Before arriving in Bangkok, the Japanese PM visited Hanoi where he spent fewer than 24 hours. He was received by all three of Vietnam’s top leaders, including the prime minister, the president, and the chairman of the national assembly.
Speaking about Vietnam’s commitment of humanitarian aid for Ukraine, a Vietnamese analyst, Le Dang Doanh, said that Kishida’s visit helped Russian ally Vietnam “adjust its stance towards the Ukrainian war.”
South China Sea
At a meeting with his Vietnamese counterpart Pham Minh Chinh and the other Vietnamese leaders, Kishida also discussed the issue of the disputed South China Sea, and the need for a free and open Indo-Pacific.
Vietnam shares interest with Japan in safeguarding maritime security in the South China Sea, where China holds expansive claims and has been militarizing reclaimed islands.
China is involved in maritime disputes with Japan over the Senkaku/Diaoyu Islands in the East China Sea. China claims sovereignty over nearly all of the South China Sea, where Brunei, Malaysia, the Philippines, Taiwan and Vietnam all have claims.
In Bangkok Monday, Kishida said that Japan along with Thailand hoped to “achieve the goal of [a] free and open Indo-Pacific and will closely cooperate to handle the matters of the South China Sea and North Korea and nuclear weapon and ballistic missile tests.”
Meanwhile the new defense equipment deal announced by Kishida and Prayuth would help facilitate the transfer of hardware and technology from Japan to Thailand, but the leaders provided no details.
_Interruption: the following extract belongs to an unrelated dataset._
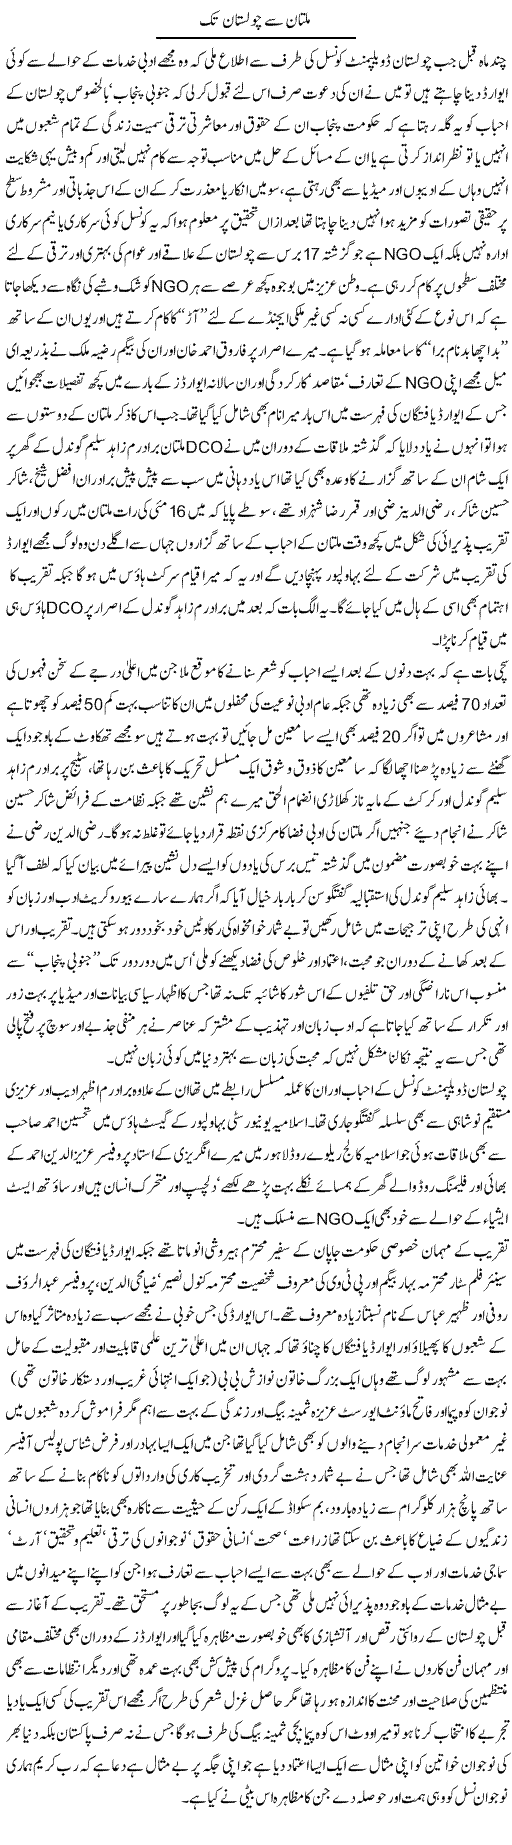 Multan se Cholistan tak by Amjad islam Amjad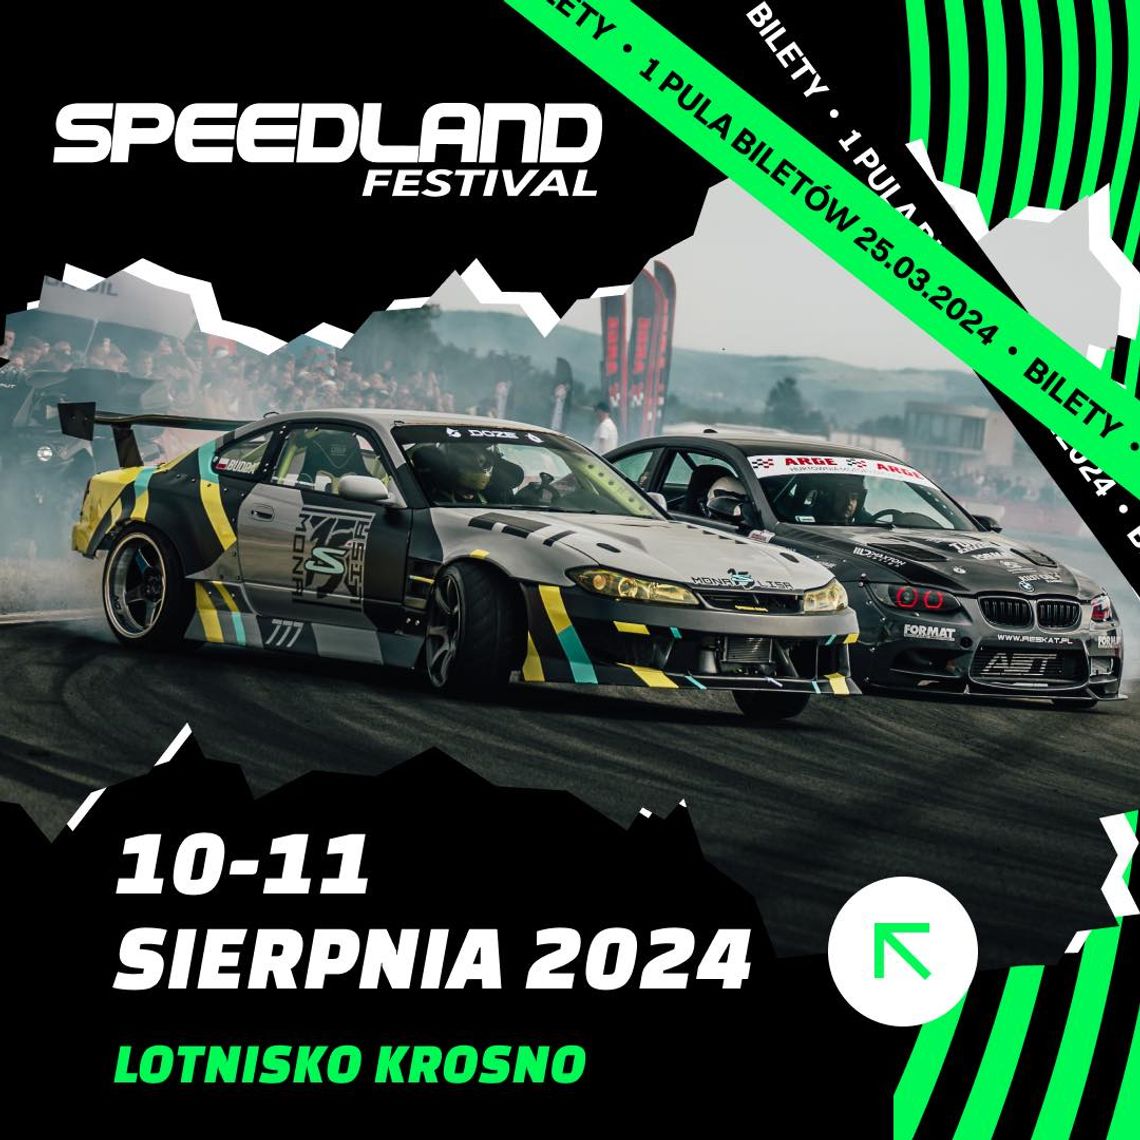 Speedland Festival

The deal “would support the strengthening of defense cooperation between the two countries and incentivize Japanese investment in the Thai defense industry, which is one of the targeted industries,” Prayuth said in a joint press conference held at the Government House in Bangkok on Monday evening.
“The signing of our defense equipment and technology transfer agreement is a major step forward in expanding bilateral defense cooperation,” Kishida said. The two countries will later decide on the specific types of equipment for transfer.
Apart from the defense deal, the two leaders also witnessed the signing of agreements to deepen financial cooperation between Japan and Thailand. Additionally, Japan gave Thailand COVID-19 emergency support worth 50 billion yen (U.S. $384 million) in loans and 500 million yen in grants aid, according to a joint statement.
The two leaders discussed improvements in agricultural supply chains and agreed to continue working together on the Mekong sub-region, “particularly in promoting connectivity, human resource development, and sustainable development,” the statement said.
Japan is Thailand’s biggest foreign investor, followed by the United States and Singapore. According to the Thai commerce ministry, Japanese investors represented 28.6 percent of the overall foreign investment in Thailand, worth more than 82.5 billion baht (U.S. $ 2.39 billion), in 2021.
Japan’s investments, especially in the automotive industry, have been vital to Thailand’s economic growth in the last several decades.